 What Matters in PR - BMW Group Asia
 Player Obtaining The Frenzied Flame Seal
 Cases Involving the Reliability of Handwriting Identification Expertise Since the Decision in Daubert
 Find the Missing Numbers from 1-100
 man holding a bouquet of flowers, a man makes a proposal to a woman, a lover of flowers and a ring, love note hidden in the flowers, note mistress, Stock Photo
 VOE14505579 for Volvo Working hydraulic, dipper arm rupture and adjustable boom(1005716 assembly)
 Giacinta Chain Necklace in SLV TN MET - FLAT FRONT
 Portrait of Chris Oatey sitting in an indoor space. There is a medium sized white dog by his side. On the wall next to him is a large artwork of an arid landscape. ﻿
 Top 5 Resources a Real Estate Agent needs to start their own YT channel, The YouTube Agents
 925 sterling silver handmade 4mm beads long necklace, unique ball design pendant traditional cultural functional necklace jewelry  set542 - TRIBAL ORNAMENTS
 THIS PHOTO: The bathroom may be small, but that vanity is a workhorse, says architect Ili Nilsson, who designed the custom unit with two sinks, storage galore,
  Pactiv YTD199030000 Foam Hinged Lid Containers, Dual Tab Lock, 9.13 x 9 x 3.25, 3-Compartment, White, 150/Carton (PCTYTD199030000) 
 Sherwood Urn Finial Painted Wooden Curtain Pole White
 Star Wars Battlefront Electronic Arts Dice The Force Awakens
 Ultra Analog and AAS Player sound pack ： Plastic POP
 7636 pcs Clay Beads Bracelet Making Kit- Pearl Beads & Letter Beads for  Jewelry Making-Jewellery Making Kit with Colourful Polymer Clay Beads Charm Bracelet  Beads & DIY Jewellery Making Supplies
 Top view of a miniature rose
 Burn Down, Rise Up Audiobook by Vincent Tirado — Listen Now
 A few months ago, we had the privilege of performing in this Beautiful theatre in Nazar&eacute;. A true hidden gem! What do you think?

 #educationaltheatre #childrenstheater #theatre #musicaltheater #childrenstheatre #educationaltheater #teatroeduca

WHAT THE TASK REQUIRES: Restate the records word for word, keeping every line.

REPLY:
 What Matters in PR - BMW Group Asia
 Player Obtaining The Frenzied Flame Seal
 Cases Involving the Reliability of Handwriting Identification Expertise Since the Decision in Daubert
 Find the Missing Numbers from 1-100
 man holding a bouquet of flowers, a man makes a proposal to a woman, a lover of flowers and a ring, love note hidden in the flowers, note mistress, Stock Photo
 VOE14505579 for Volvo Working hydraulic, dipper arm rupture and adjustable boom(1005716 assembly)
 Giacinta Chain Necklace in SLV TN MET - FLAT FRONT
 Portrait of Chris Oatey sitting in an indoor space. There is a medium sized white dog by his side. On the wall next to him is a large artwork of an arid landscape. ﻿
 Top 5 Resources a Real Estate Agent needs to start their own YT channel, The YouTube Agents
 925 sterling silver handmade 4mm beads long necklace, unique ball design pendant traditional cultural functional necklace jewelry  set542 - TRIBAL ORNAMENTS
 THIS PHOTO: The bathroom may be small, but that vanity is a workhorse, says architect Ili Nilsson, who designed the custom unit with two sinks, storage galore,
  Pactiv YTD199030000 Foam Hinged Lid Containers, Dual Tab Lock, 9.13 x 9 x 3.25, 3-Compartment, White, 150/Carton (PCTYTD199030000) 
 Sherwood Urn Finial Painted Wooden Curtain Pole White
 Star Wars Battlefront Electronic Arts Dice The Force Awakens
 Ultra Analog and AAS Player sound pack ： Plastic POP
 7636 pcs Clay Beads Bracelet Making Kit- Pearl Beads & Letter Beads for  Jewelry Making-Jewellery Making Kit with Colourful Polymer Clay Beads Charm Bracelet  Beads & DIY Jewellery Making Supplies
 Top view of a miniature rose
 Burn Down, Rise Up Audiobook by Vincent Tirado — Listen Now
 A few months ago, we had the privilege of performing in this Beautiful theatre in Nazar&eacute;. A true hidden gem! What do you think?

 #educationaltheatre #childrenstheater #theatre #musicaltheater #childrenstheatre #educationaltheater #teatroeduca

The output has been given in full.